| derep_and_clean_db {rCRUX} | R Documentation |
derep_and_clean_db takes the output from blast_seed() and
de-replicates the dataset to identify representative sequences. It generates
an out put directory derep_and_clean_db at output_directory_path to store
the output .csv files and the fasta and taxonomy file generated by the function.

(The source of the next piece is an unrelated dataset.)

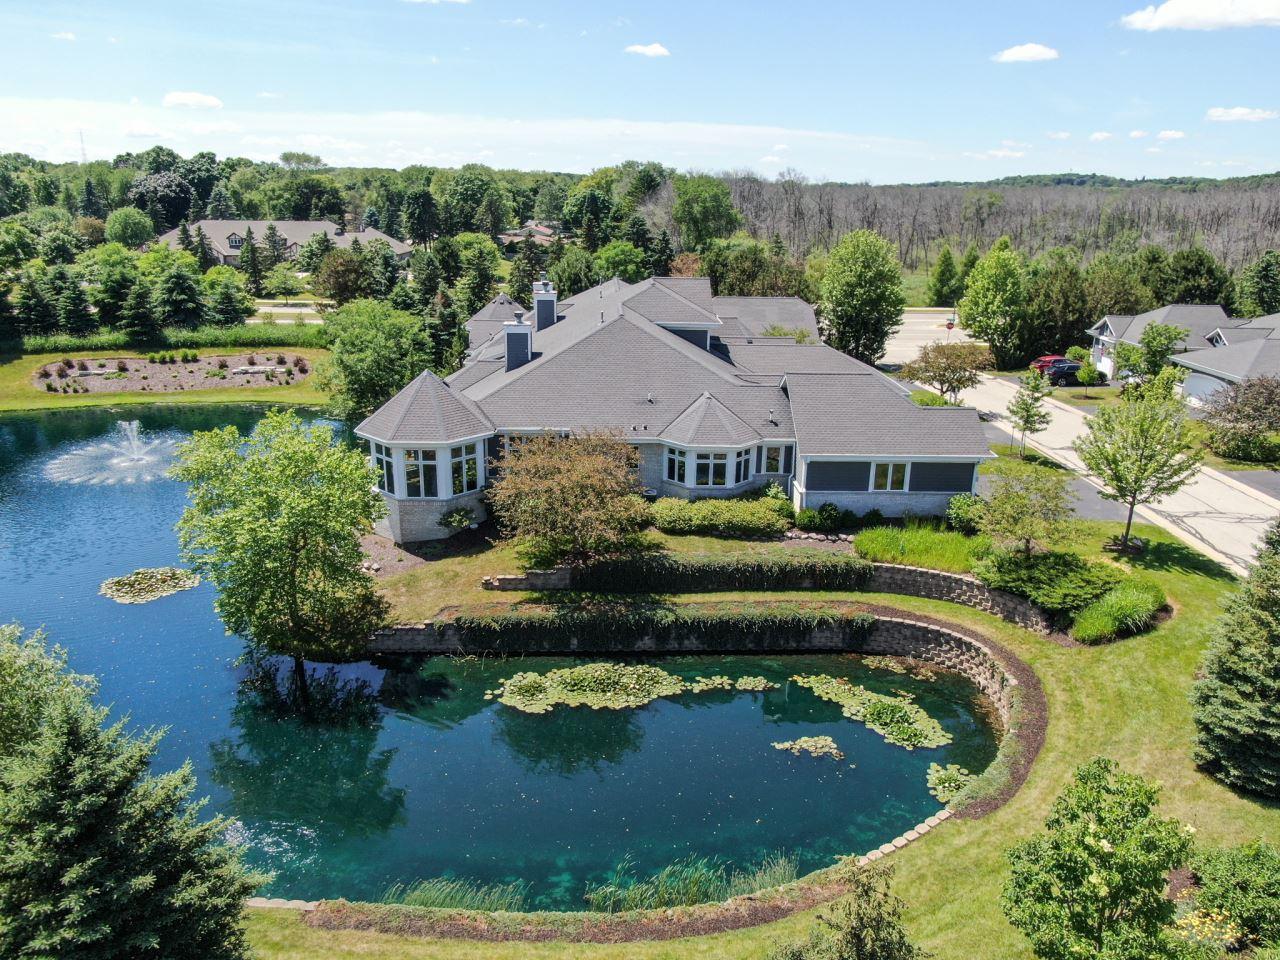 17155 Lake Rd #A, Brookfield, WI 53005 - #: 1695910

derep_and_clean_db(output_directory_path, summary_path, metabarcode_name)
output_directory_path |
the path to the output directory |
summary_path |
the path to the input file |
metabarcode_name |
used to name the subdirectory and the files. |
Before de-replicating the data set, all sequences with NA taxonomy for phylum,
class, order, family, and genus are removed from the dataset because they
typically represent environmental samples with low value for taxonomic
classification. These sequences are stored in a
Sequences_with_mostly_NA_taxonomic_paths.csv
All sequences with the same length and composition are collapsed to a single
database entry, where the accessions and taxids (if there are more than one)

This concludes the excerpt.